In the above embodiment, the example in which the rotary conveyance device is mounted on the blow molding apparatus including the four stations has been described, but the configuration of the blow molding apparatus is not limited to the above embodiment. For example, the blow molding apparatus may sequentially include five stations of a first injection molding unit, a second injection molding unit, a temperature adjustment unit, a blow molding unit, and a taking-out unit, and form a multilayered preform to manufacture a multilayered container. In this case, the arrangement angle of each station and the rotation amount of the transfer plate are 72 degrees. As a modification of the above, the blow molding apparatus may include six stations of a first injection molding unit, a first temperature adjustment unit, a second injection molding unit, a second temperature adjustment unit, a blow molding unit, and a taking-out unit. In this case, the arrangement angle of each station and the rotation amount of the transfer plate are 60 degrees.

Further, the blow molding apparatus or the injection molding apparatus on which the rotary conveyance device is mounted may have any overall structure as long as the blow molding apparatus and the injection molding apparatus have a mechanism that holds a workpiece (preform or the like) by a mold member (neck mold or the like) provided on a transfer plate and conveys the workpiece to the downstream side (downstream process or molding station) by intermittent rotation of the transfer plate.

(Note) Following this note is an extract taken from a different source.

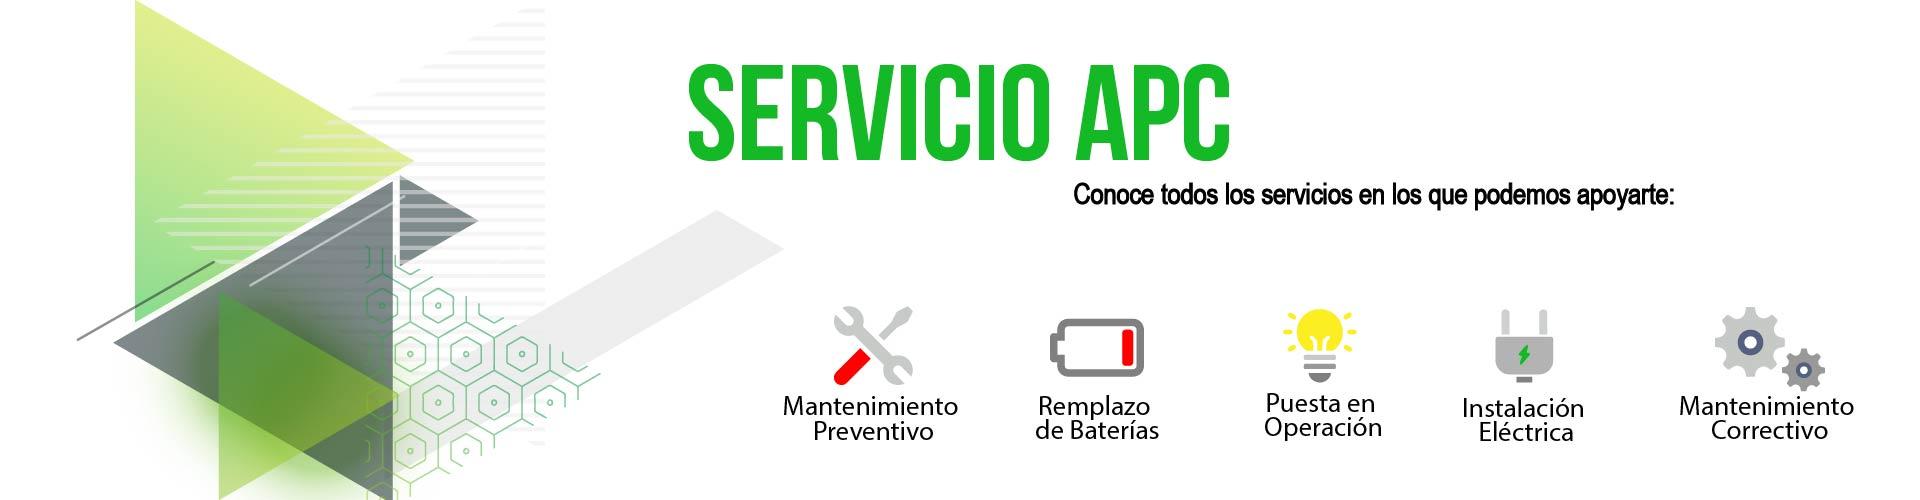 servicio apc mexico

For example, the number of stations of the blow molding apparatus or the injection molding apparatus may be two (for example, the injection molding unit and the taking-out unit) or three s (for example, the injection molding unit, the blow molding unit, and the taking-out unit).

In the above embodiment, the control unit may be configured by hardware (for example, ASIC or the like) that realizes the function of the program.

In addition, the embodiments disclosed herein are to be considered in all respects as illustrative and not restrictive. The scope of the present invention is indicated not by the above description but by the claims, and it is intended that meanings equivalent to the claims and all modifications within the scope are included.